Deploying Machine Learning Models on Node.js

Ando Saabas, Senior Data Scientist at Bolt

Published in

Bolt Labs

5 min readOct 19, 2018

At Taxify, we connect more than 15 million customers with over 500 thousand drivers, which translates to millions of rides every week. Doing this with an engineering team of ~70 people means that we need to keep our technology stack as lean and streamlined as possible.

Our backend technology stack is based on microservices and built on top of Node.js. A great benefit of this unified approach is that almost all of our excellent tooling and infrastructure — for testing, deployment, and monitoring — can be seamlessly shared and reused between different teams and services.

At the same time, we utilize machine learning throughout our products, for example for driver’s arrival time estimation, dispatching, pricing, and pickup/dropoff suggestions. Most data science and ML tools are built on Python or R stacks. We are no different — in our team, data analysis and model building is done mainly using Python and Jupyter notebooks. However, if we were to deploy the mission critical models in Python environment, it would mean that a lot of tooling that already exists for us in Node.js would have to be recreated and maintained for the new services.
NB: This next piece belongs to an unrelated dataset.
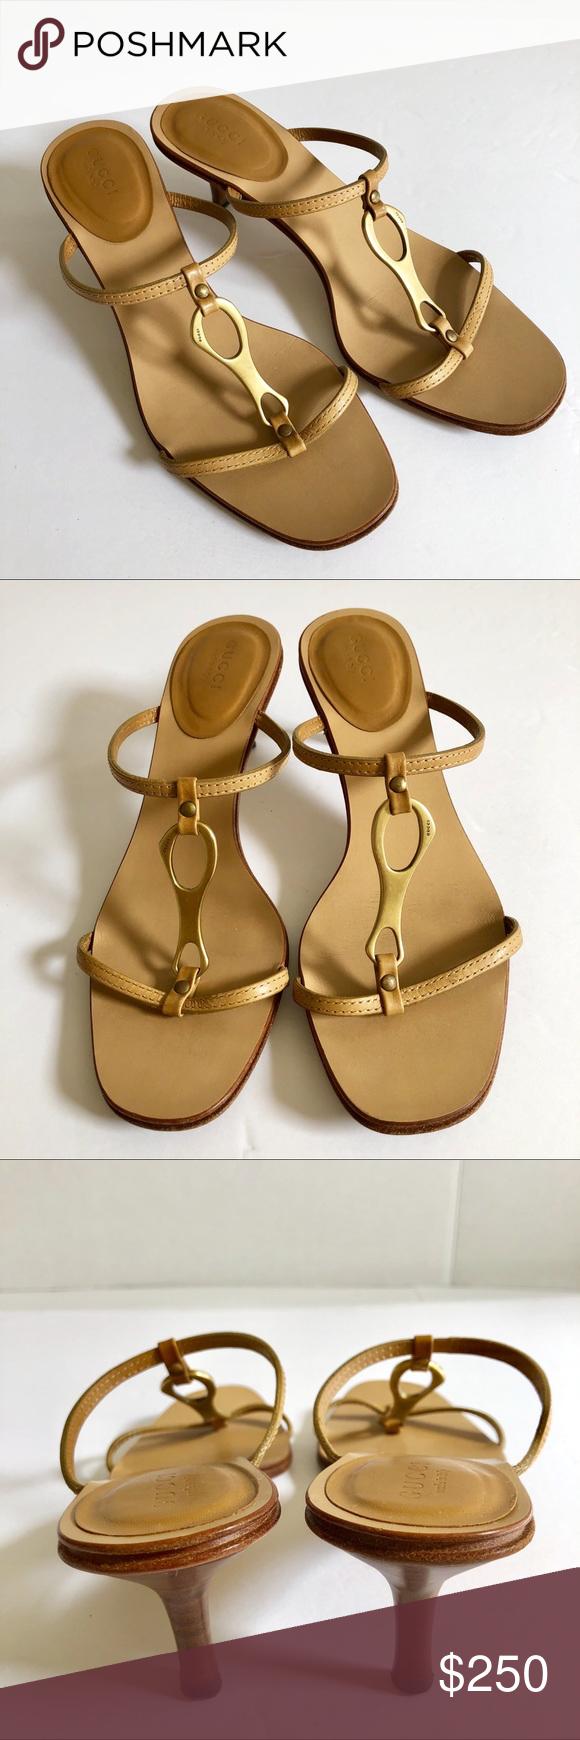 b2db4e20157 Gucci Leather Strappy Sandal Wooden Kitten Heel Gucci Women's ...
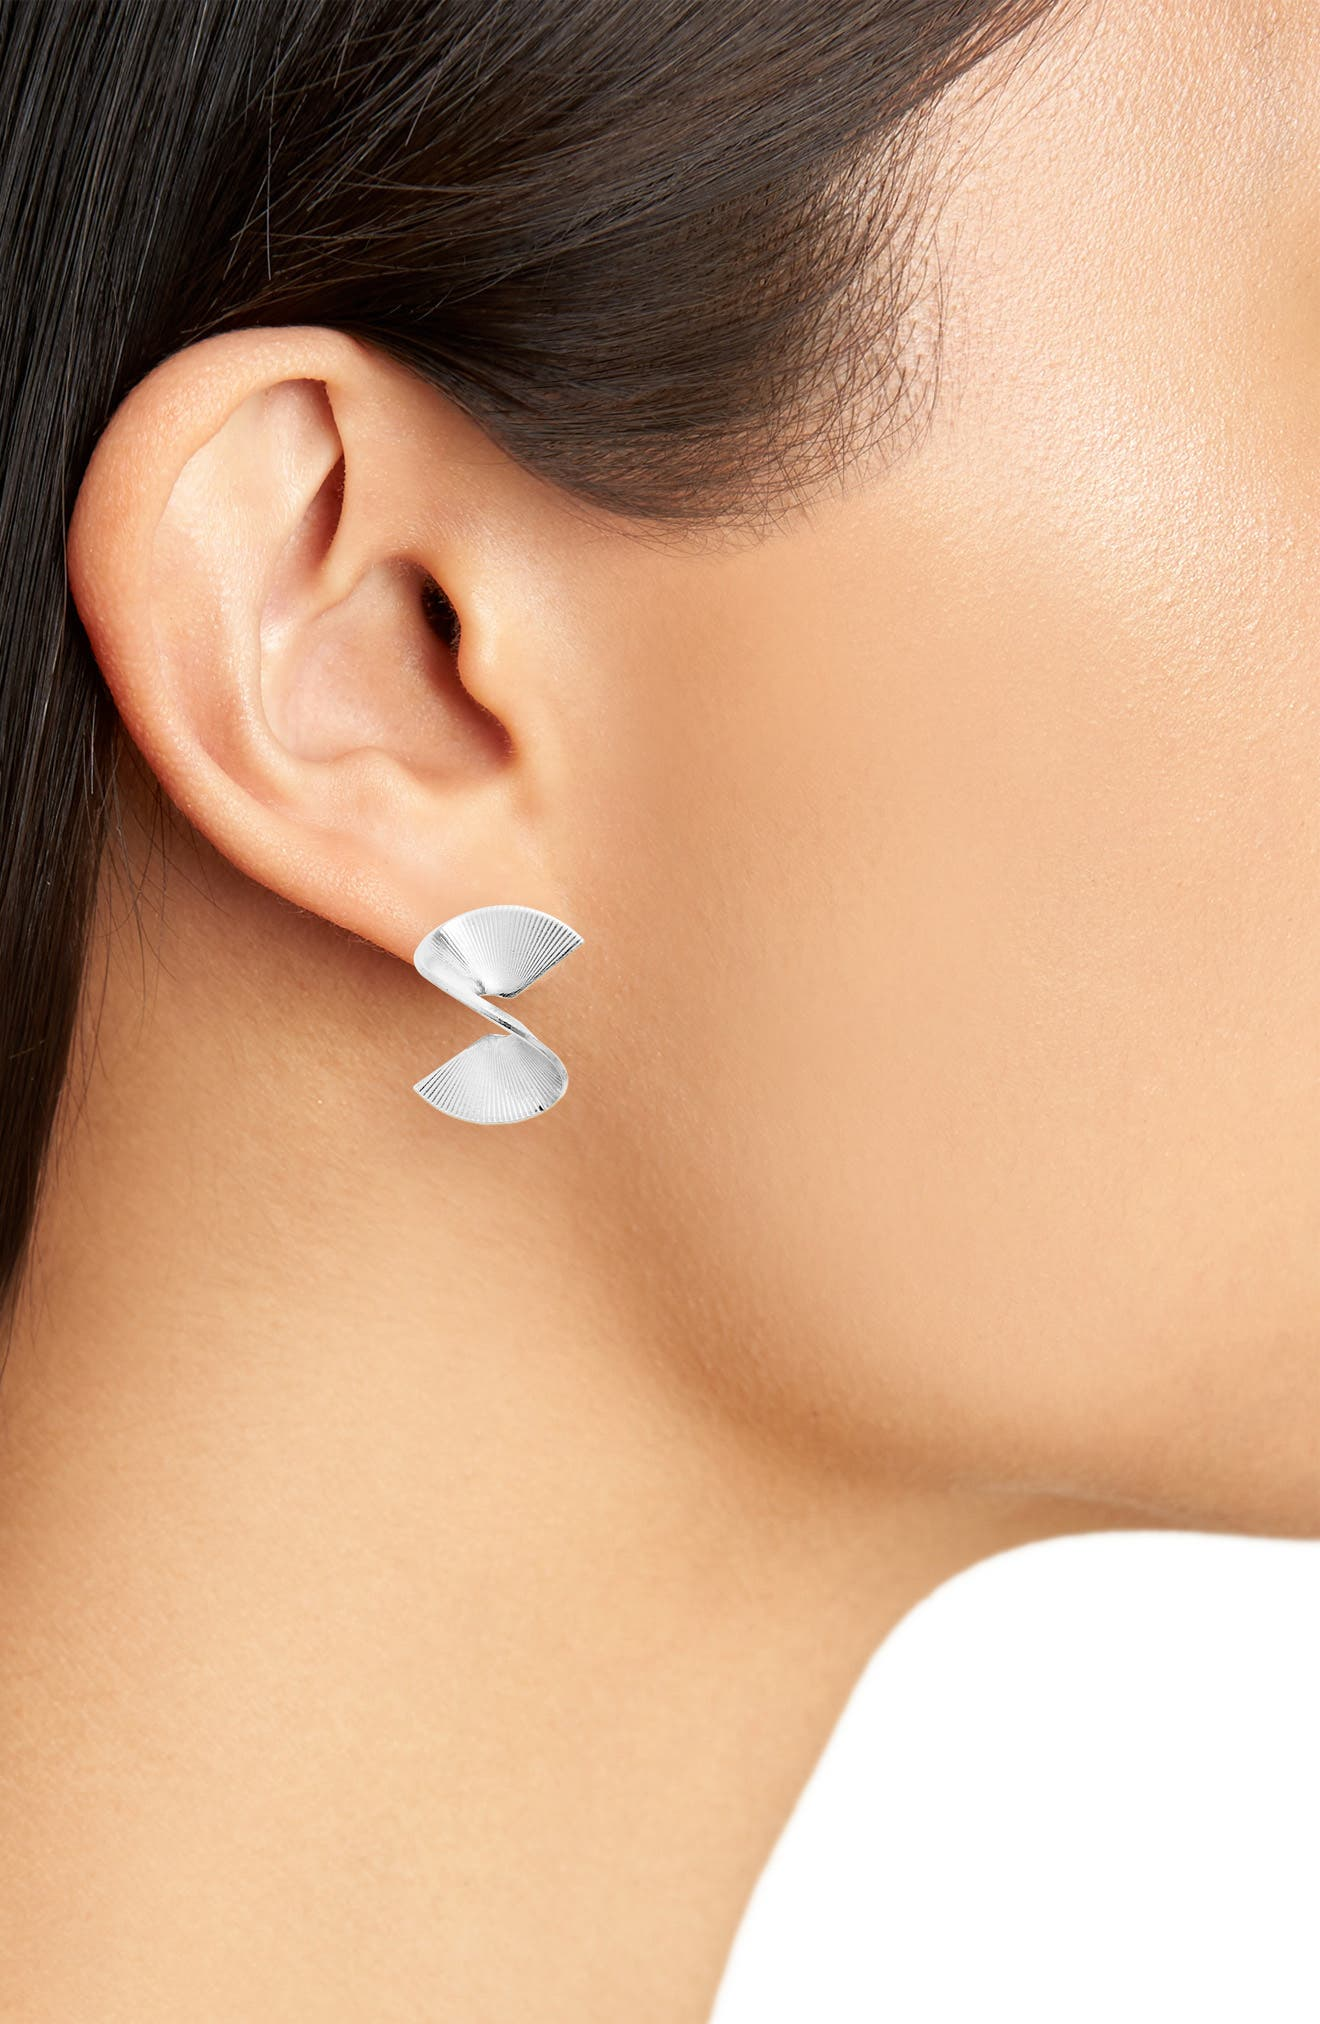 Solarwave Mini Stud Earrings,                             Alternate thumbnail 2, color,                             SILVER

To avoid the overhead of supporting multiple sets of tooling, we have taken the approach to deploy machine learning models as Javascript libraries in Node.js. So while all the actual data science and model training is done in Python, the final models are automatically translated to Javascript and deployed as standard Node.js libraries.

In the next sections, we’ll go through how we have achieved the automatic model translation and deployment.

Translating ML models to Javascript

There is a wide range of ML models that one can utilize depending on the problem at hand. For some types of models, translation to Javascript is straightforward. For example linear and logistic regression models can trivially be translated into Javascript functions. For neural network models, Tensorflow has Javascript and Node.js support.

Among the most successful and widely used machine learning libraries are XGBoost and LightGBM (as witnessed by the number of Kaggle competition wins achieved using them) which implement gradient boosted models. We use gradient boosted models extensively at Taxify; unfortunately, these libraries do not have built-in support for Javascript.

Translating Gradient Boosted Trees

At their core, gradient boosted (tree) models are sets of decision trees, applied sequentially to input data. A decision tree in turn can be thought of as a nested if-then-else statement. This means that the internal data structure underlying a learned gradient boosted decision tree model can be translated into code as if-then-else statements.

In the following table, we have an example of a data structure specifying a decision tree in LightGBM: its features, corresponding thresholds, indices of node children and finally the leaf values.

A straightforward translation of the structure into valid Javascript would be the following, assuming that “data” is an array of input feature values:

Thus, as the final outcome of the translation, we have a Javascript function that takes as input a feature vector, passes it through the set of if-then-else statements, and returns the final result as the model output.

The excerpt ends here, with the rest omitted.